* DATA EXTRACT:

########################################

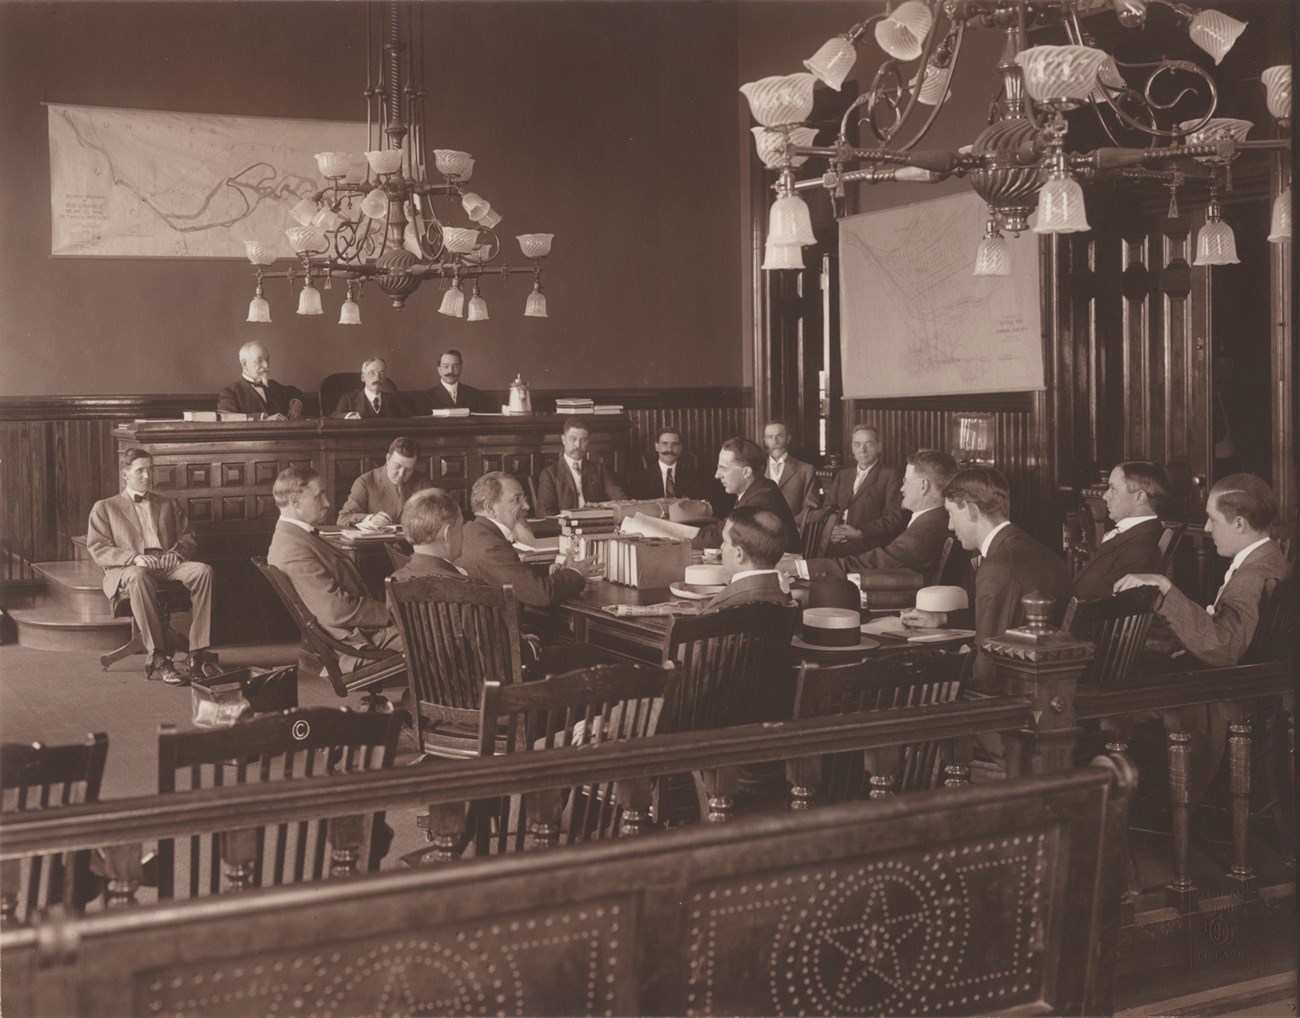 Black-and-white photo of 15 men around a table in an ornate room with paper maps posted on walls. Three commissioners sit behind elevated courtroom bench at far end of room.
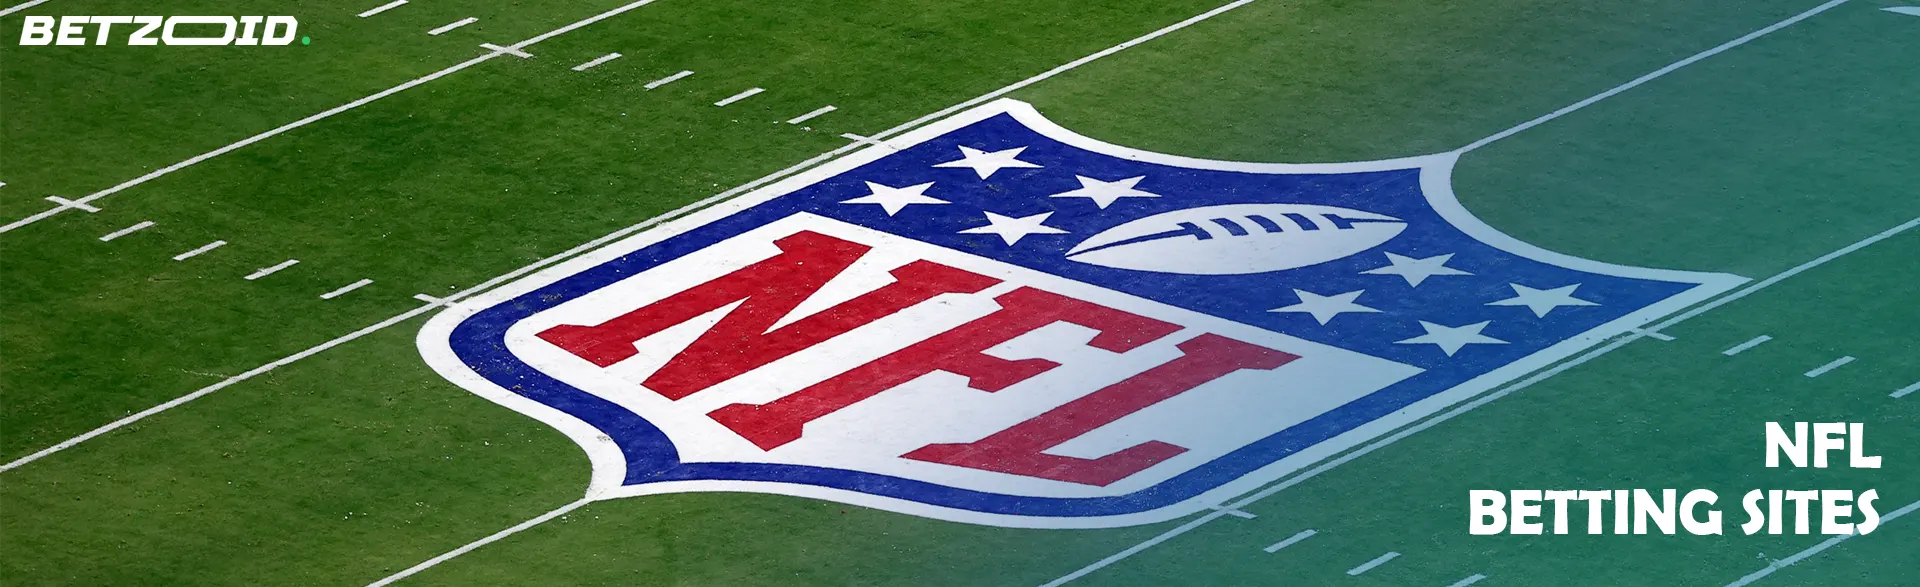 NFL logo on a football field, representing NFL betting sites in Canada for fans and bettors looking for the best platforms to place their wagers.
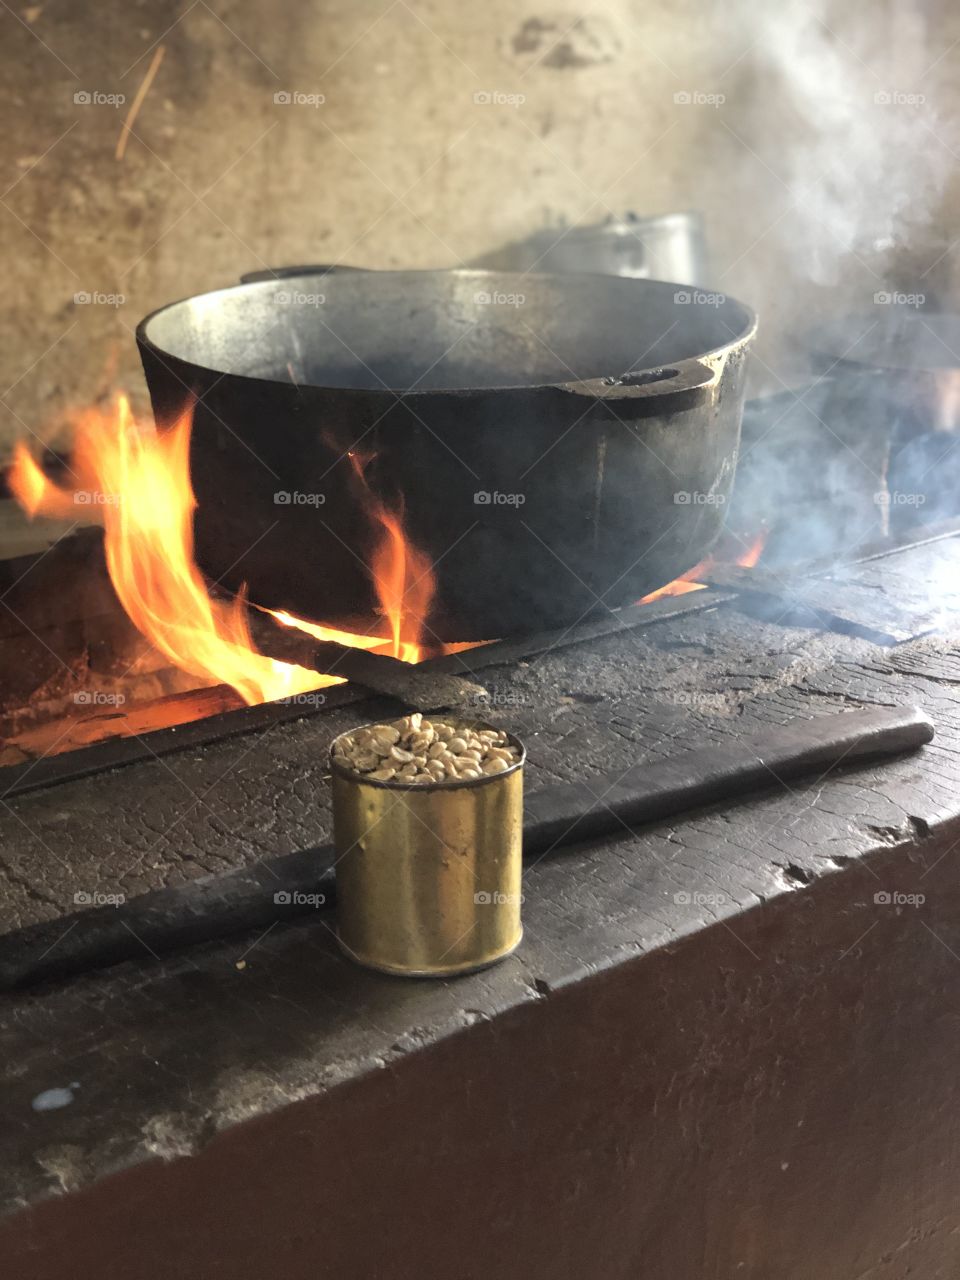 Getting ready to roast our very own batch of coffee beans at a traditional coffee farm in the mountains outside of Trinidad, Cuba!
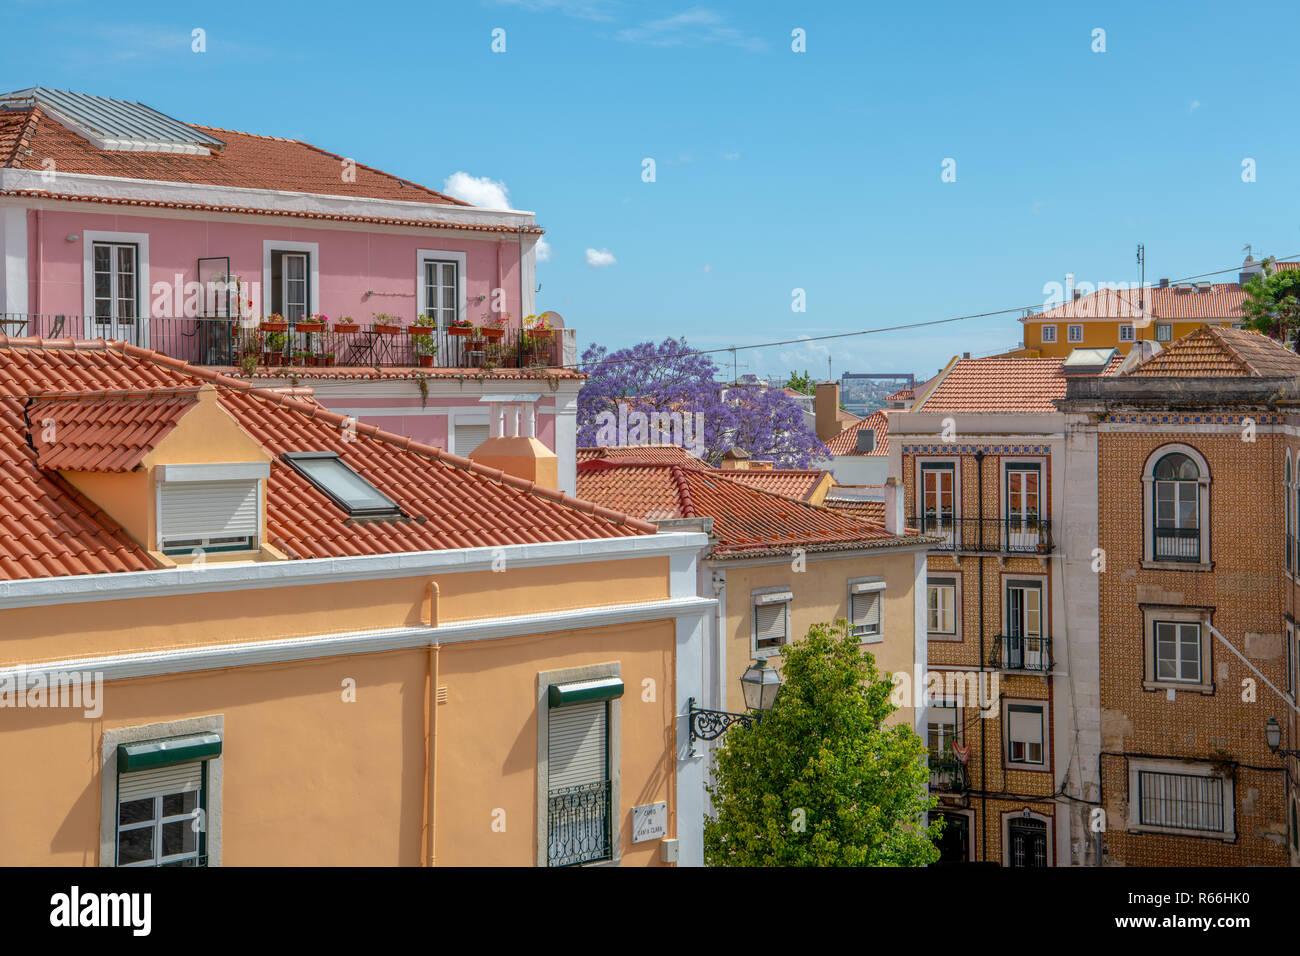 Colorful buildings with red tile roofs in the Alfama district of Lisbon, Portugal Stock Photo

########################################

* TASK PROMPT: Retype each line above exactly and leave out any picture.

* YOUR SOLUTION:
 Black-and-white photo of 15 men around a table in an ornate room with paper maps posted on walls. Three commissioners sit behind elevated courtroom bench at far end of room.
 NFL logo on a football field, representing NFL betting sites in Canada for fans and bettors looking for the best platforms to place their wagers.
 Getting ready to roast our very own batch of coffee beans at a traditional coffee farm in the mountains outside of Trinidad, Cuba!
 Colorful buildings with red tile roofs in the Alfama district of Lisbon, Portugal Stock Photo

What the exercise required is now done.